Teeing off on the next 100 years

Walton, who is now the Club’s Director of Golf Operations and General Manager, said the Club’s turnaround is reflected in many ways beyond the many upgrades that have been made to the course in the last few years. In addition, he praised the Club’s personnel and human resource reorganization that has streamlined operations and led to the appointment of Melissa O’Hara as Event Manager, Mackenzie Aldridge as Membership and Marketing Director.

If there is one intangible that continues to set Coatesville Country Club apart from its competitors, it is seen in the diversity and inclusivity of its members, who come from a wide spectrum of the backgrounds and professions – from doctors and attorneys to stonemasons, electricians and schoolteachers.

Walton said that Coatesville Country Club also includes an influx of people who will help usher the Club into its next century.

“When I started here, you didn’t see a lot of kids on the golf course and there were no organized activities for kids’ golf,” he said. “Now we have a six-week summer camp that gives young people the opportunity to pay golf in the morning, get instruction from our pro staff, have lunch by the pool, receive a swim instructions, as well as games and activities.

While Castro’s book serves as a document of history, the living history of Coatesville Country Club is still being defined in one of its frequently-used tag lines: “Come for the golf.

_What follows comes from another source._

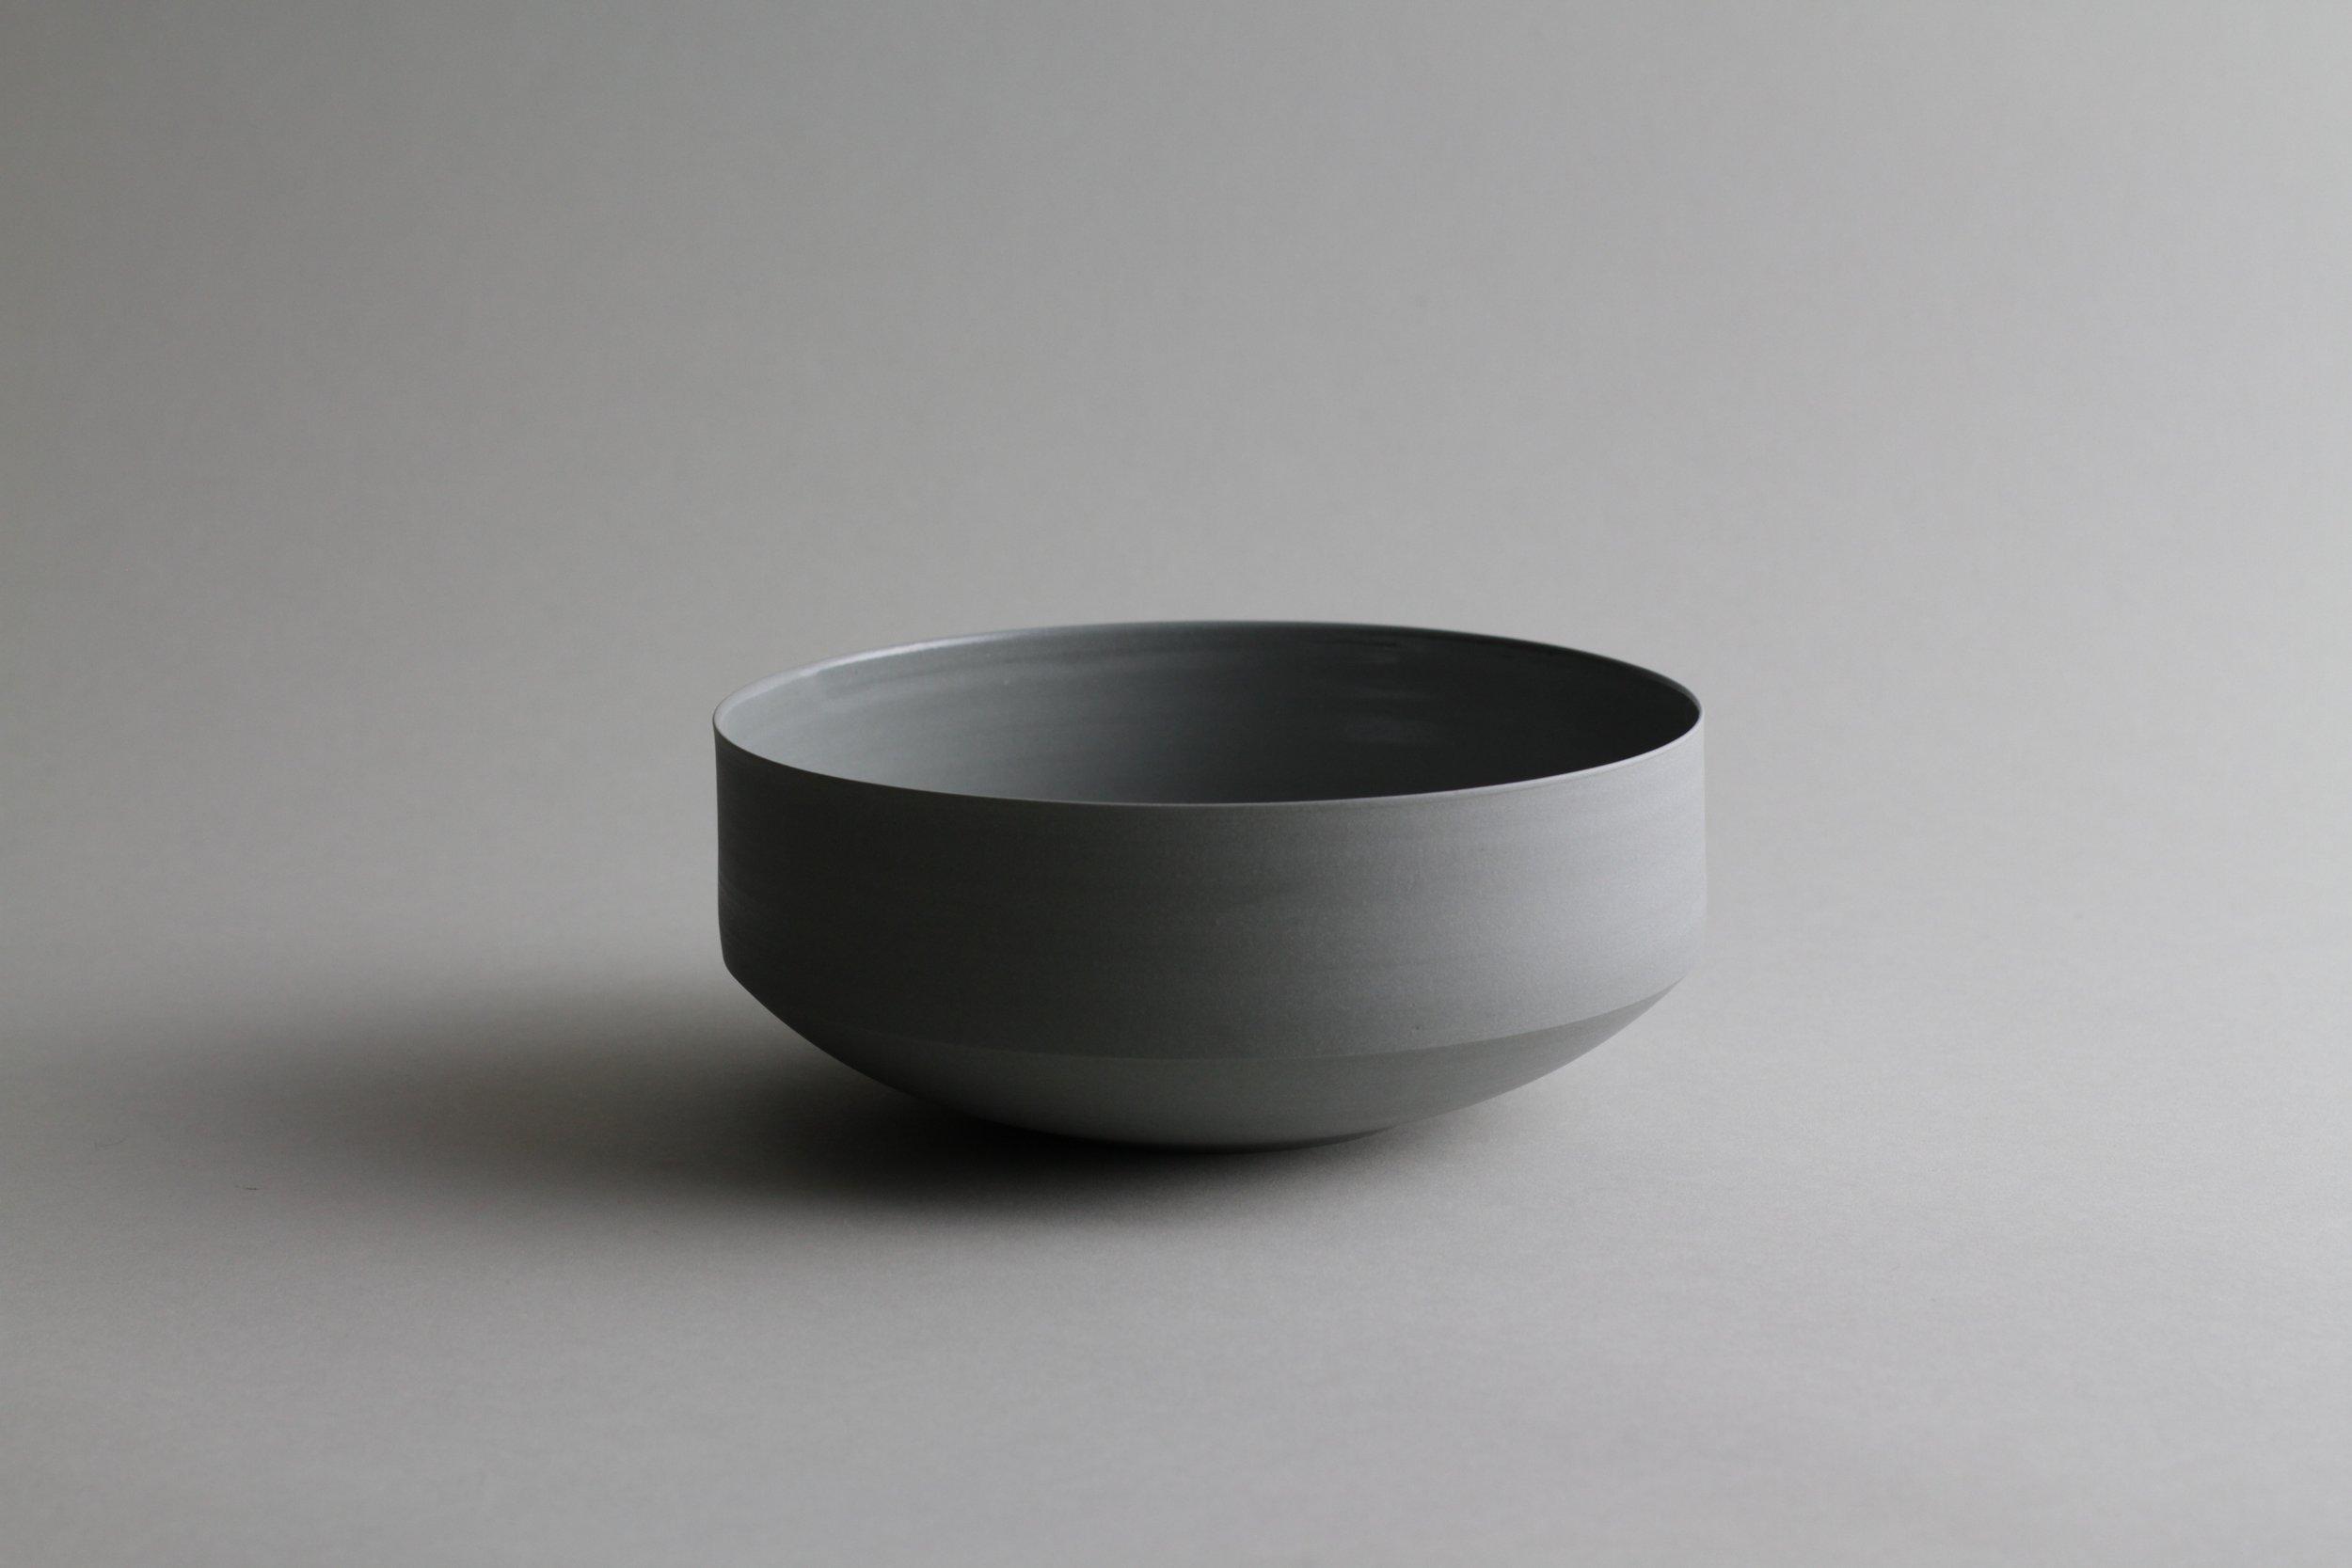 Porcelain ceramic grey bowl by Lilith Rockett, Portland, Oregon

Stay for the people.”

“We are extremely family-oriented and it’s a feeling that extends from generation to generation,” said Breuninger, whose family association with Coatesville Country Club dates back 80 years.

“My daughter is still friends with the kids she grew up with here. It is unique to a country club to have that kind of longevity with its families, but it’s just part of the culture of Coatesville that families grow up together, and they come back together.”